Residents in nearly 30 east metro cities can now compost their food waste by leaving it on the curb — only the start for Ramsey and Washington counties’ ambitious program aimed at reaching every home in the coming years.
Other metro counties, under pressure to meet a state mandate to boost organics recycling, are evaluating how to do the same and allow residents to throw their food scraps in a bag and set it on the curb with the rest of the trash.
But all that food waste needs to go somewhere — to be sorted and processed before it’s sent out to make compost.
And in the north metro city of Blaine, that’s an issue causing major uproar among residents living next door to Walters Recycling and Refuse. The company earlier this year won a 10-year contract with the counties to process food waste, using artificial intelligence to separate organics from other trash. Walters is now seeking a city permit to expand its capacity from 140,000 tons of waste to 340,000.
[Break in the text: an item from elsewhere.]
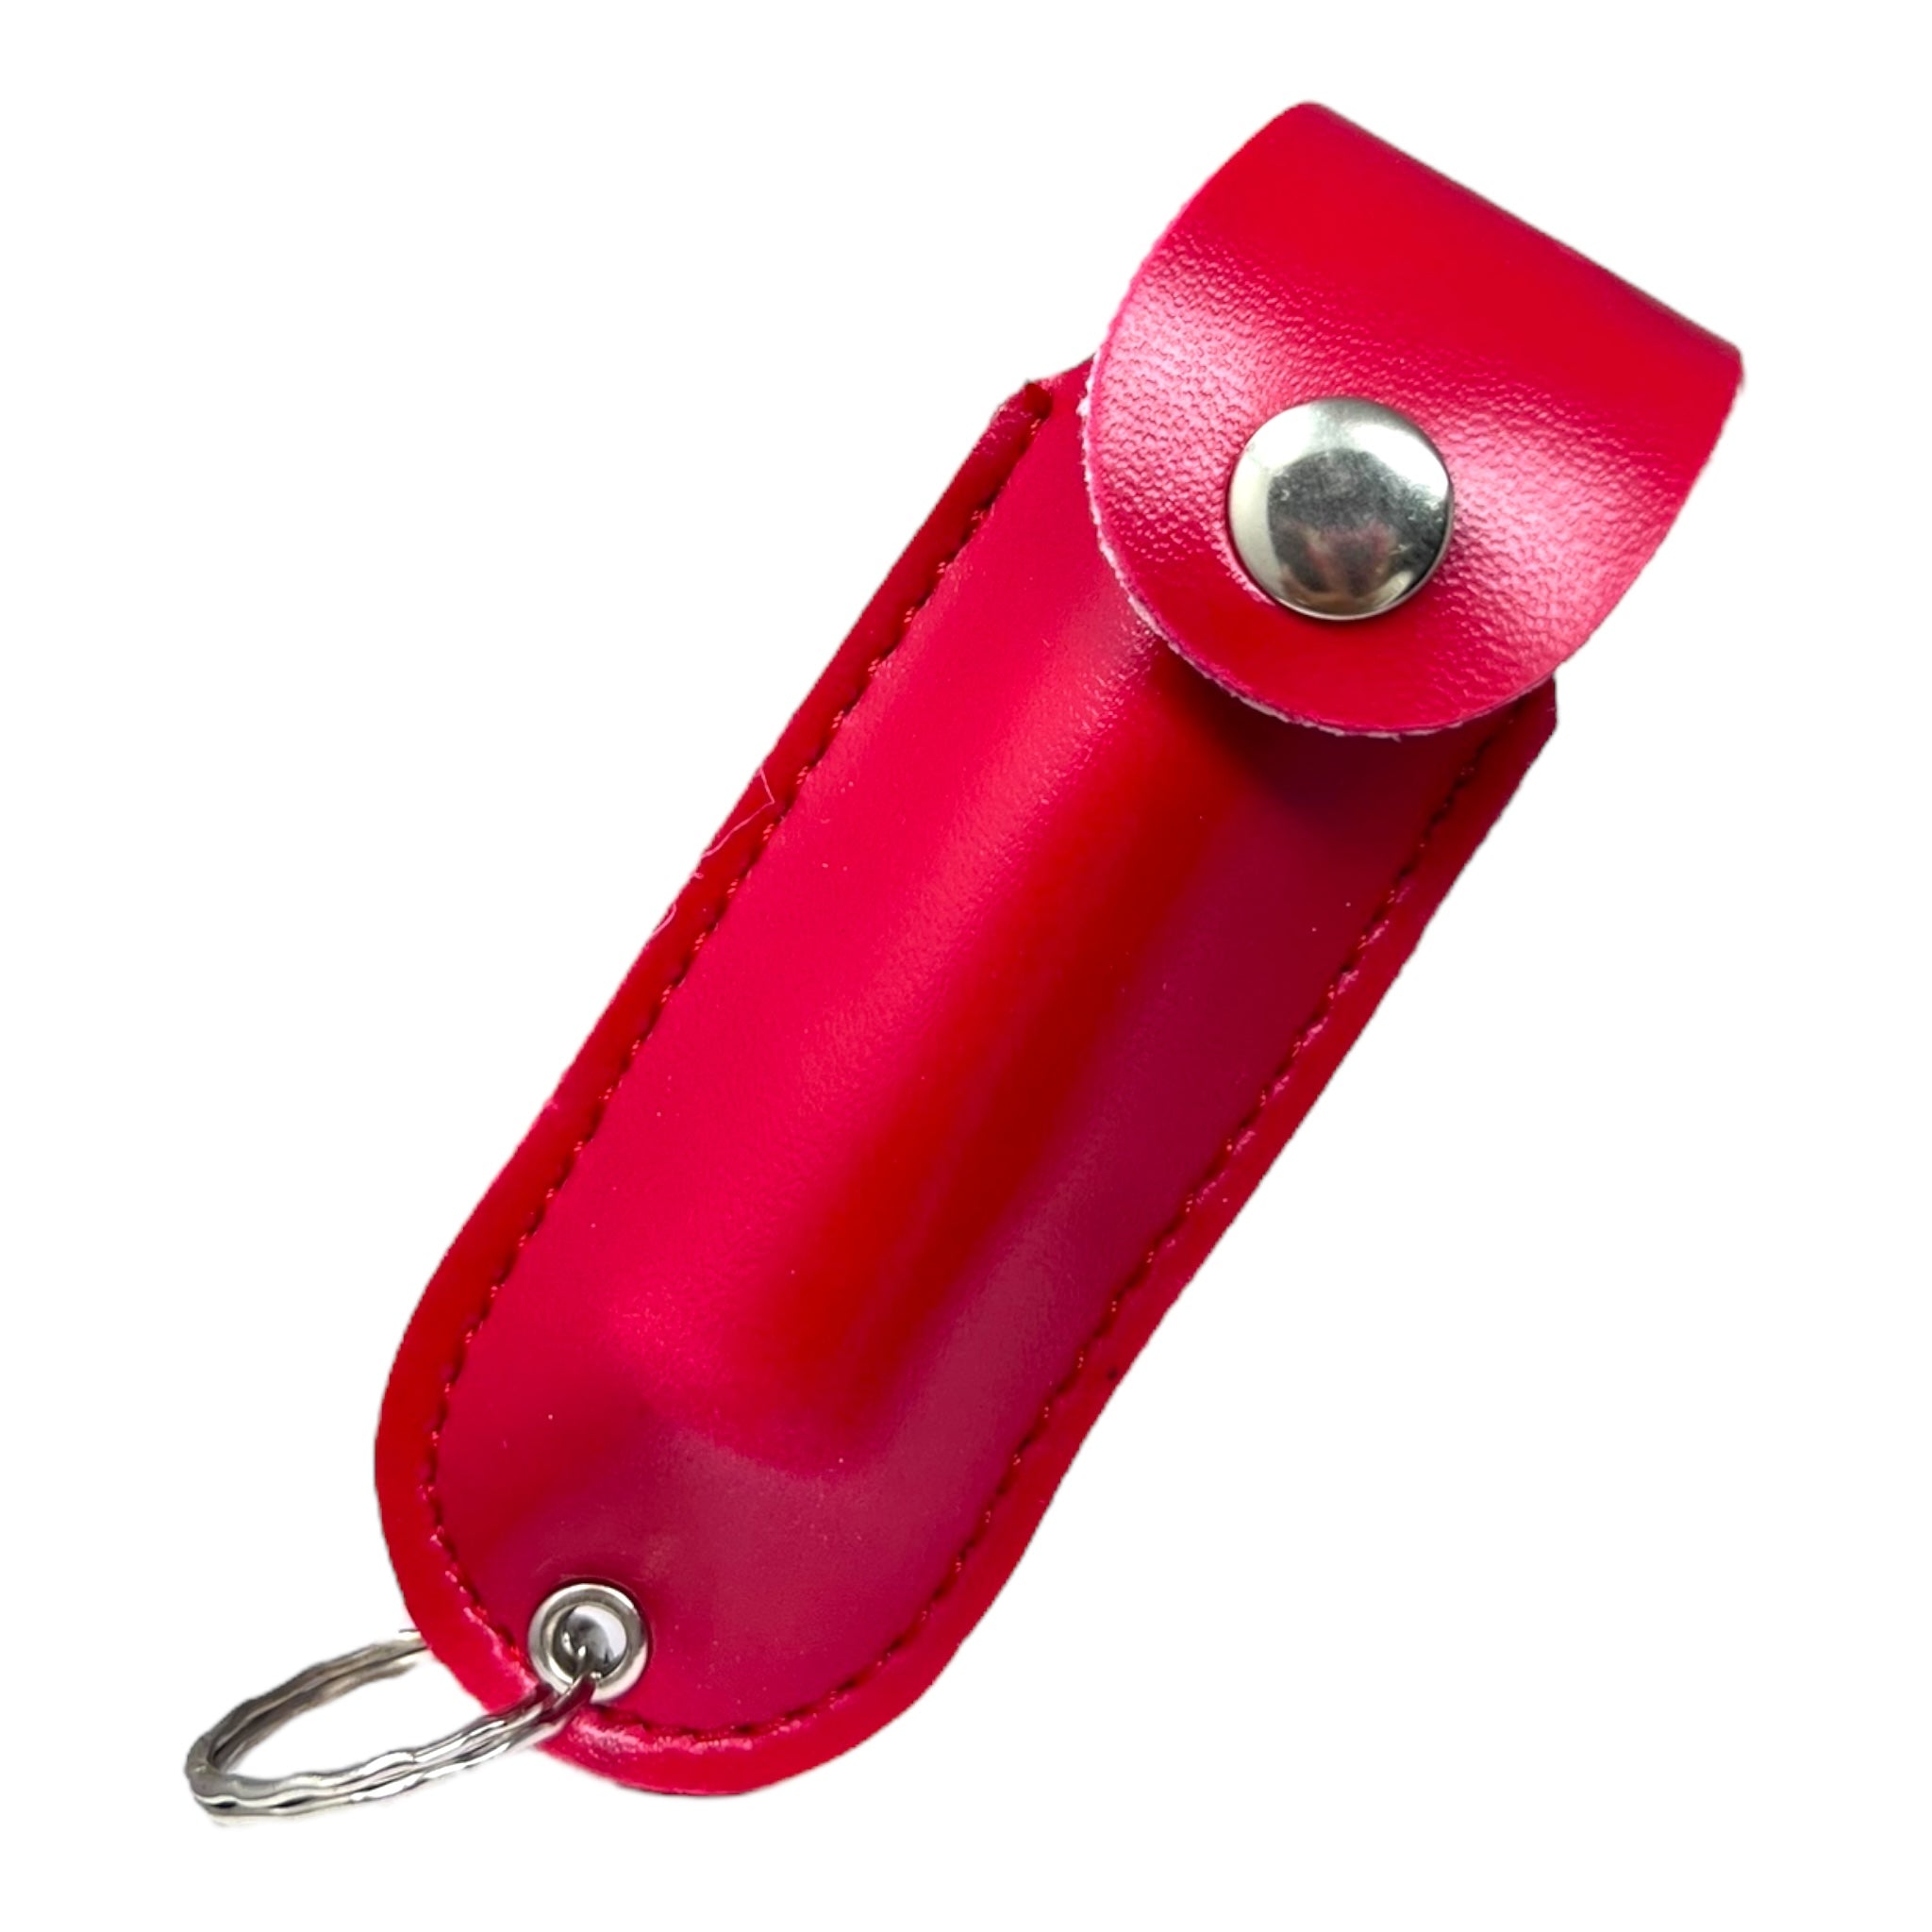 Guard Dog Stylish Key Chain Pepper Spray

Neighbors and business owners packed a standing-room-only Planning Commission meeting earlier in October to oppose Walters’ request, saying they already deal with odor, truck traffic, noise and litter on their streets. The commission voted 5-1 to reject the company’s request, putting the counties’ plans in jeopardy.
“There’s a $750 million development nearby that we have coming in,” said neighbor James DePoint, referencing a planned entertainment hub at 105th Avenue. “We have all this money invested in this, and then we’re going to double a garbage facility? On a hot summer day at a baseball game, we could have garbage smell as we’re having a beer and eating a hot dog?”
Leaders with Walters, which already takes some trash from the eastern counties, say they are working to ease residents’ fears, including adding technology to mitigate odor.
Trista Martinson, executive director of Ramsey/Washington Recycling and Energy, worries if the Blaine City Council denies the permit, it would hamper the metro’s efforts to meet the state requirement that all cities with a population over 5,000 offer curbside organics recycling by 2030.